Evidence of alternate suspect excluded from 1976 murder trial

Judge rules Vannieuwenhoven’s attorneys didn’t quite make their case
By: 
Warren Bluhm
Editor-in-chief

For the second time, a Marinette County judge has rejected an elderly Lakewood man’s motion to allow testimony that someone else shot and killed a Green Bay couple in 1976.

Raymand L. Vannieuwenhoven, 84, is scheduled to stand trial starting July 19 on two counts of first-degree murder in the shooting deaths of David Schuldes, 25, and Ellen Matheys, 24, at the McClintock Park campground in the Town of Silver Cliff in Marinette County. Matheys had also been sexually assaulted.

The case went unsolved for more than 40 years until, investigators say, modern technology was able to positively match DNA found with Matheys’ body to Vannieuwenhoven in early 2019.
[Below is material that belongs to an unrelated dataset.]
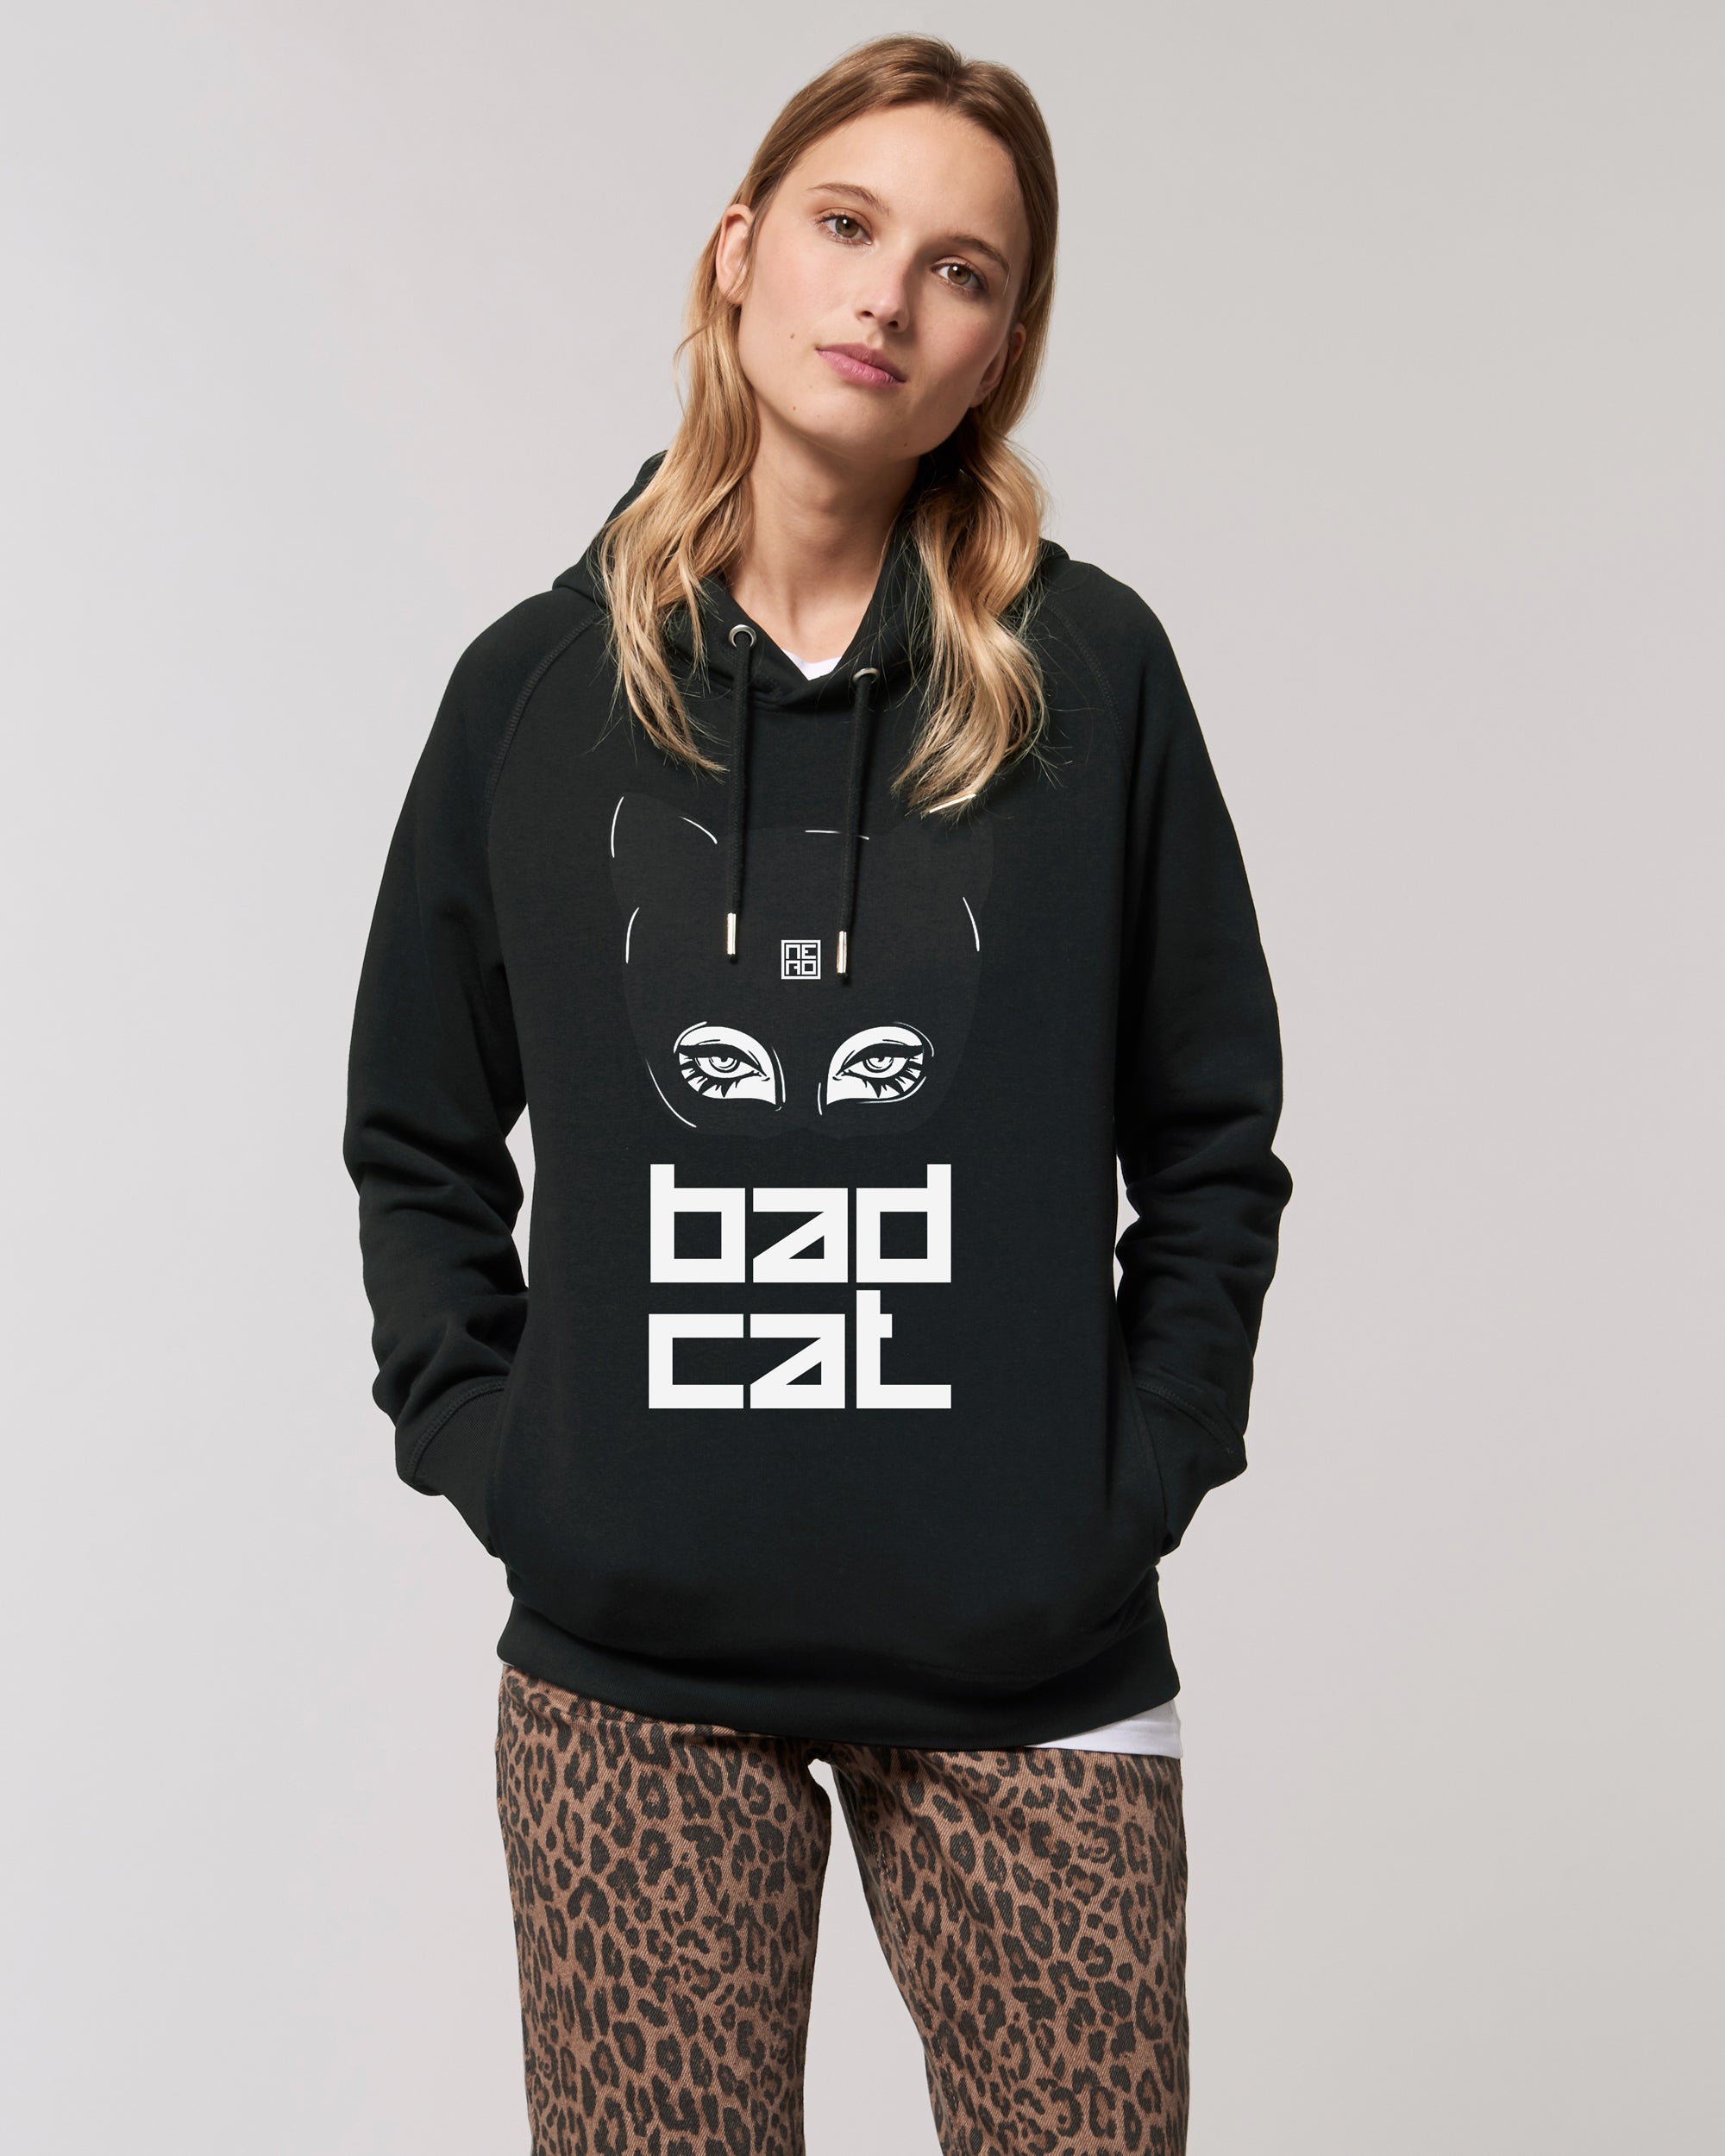 Bad Cat woman - Unisex side-pocket Premium hoodie for Women

Defense attorneys had filed motions to allow testimony about two other men investigators over the years believed could be suspects in the murders, Mervin Walker and Robert Lukesh. Judge James Morrison denied the motion regarding Walker earlier this spring, saying the defense failed to make the case that Walker had motive, opportunity and a direct connection to the crime — the three factors that previous courts have ruled defenders must show in presenting an alternative suspect.

Prosecutors and defense attorneys also submitted briefs regarding whether Lukesh, who is now deceased, could have committed the crimes, and Morrison held an additional hearing June 3 to take oral arguments.

Defense attorney Travis Crowell said his team’s brief provided 20 bullet points and 24 exhibits — emphasizing that the materials all came from sheriff’s investigators looking into the case — that taken as a whole show that Lukesh could have killed the couple.

As for motive, “He had long stated to other people that he wanted to commit the perfect crime, see if he could get away with it,” Crowell said. “We believe that’s what he did here, and other evidence basically shows that he had the opportunity and the motive and the direct connection to do that.”

The defense has noted that on the afternoon Schuldes’ body was found, Lukesh brought coffee and sandwiches to the investigating officers in part to learn more about the incident. While he was there, he made the comment that he thought it smelled like the odor of a dead woman, and Mathys’ body was not discovered until the next day, Crowell said.

Lukesh was a brutal man who abused family members, he had an obsession with murder, and in later years he described to friends what he believed happened to the couple in detail that suggested he had been there, the defense attorney said.

District Attorney DeShea Morrow countered that DNA testing in the 1990s had excluded Lukesh as a suspect in the sexual assault tied to Matheys’ murder.

Although Lukesh appeared to talk about the crime in a first-person account, he didn’t get his facts straight.

“Most all of those were wrong,” Morrow said. Lukesh talked about a handgun, but they were shot with a rifle. He talked about the suspect chasing the victims down a hill, but there is no hill at the murder scene. He said the murders happened during a robbery, but Schuldes’ watch and camera were found next to the body.

Morrow said all of the defense arguments about how Lukesh could have committed the crime could be made about Walker, whom Morrison had already excluded in the previous ruling.

Morrison issued a written ruling June 4, saying that both sides made compelling arguments but in the end the defense did not make a convincing enough case that Lukesh had a direct connection to the crime.

Citing a Wisconsin Supreme Court ruling, Morrison wrote that a “remote possibility, a theory without a direct connection” is not enough to support allowing Lukesh to be introduced as an alternative suspect.

The judge conceded during the hearing that it was a close call.

“What’s clear to me is that Mr. Lukesh was a very, very despicable human being who did unspeakably horrible things to people. No question about that,” Morrison said.

The judge also ruled on a variety of motions regarding jury instructions and other nuts and bolts of the trial. A final pre-trial conference is scheduled for June 22 and a motion hearing for June 23 heading into the July 19 trial. Two weeks have been set aside for the trial.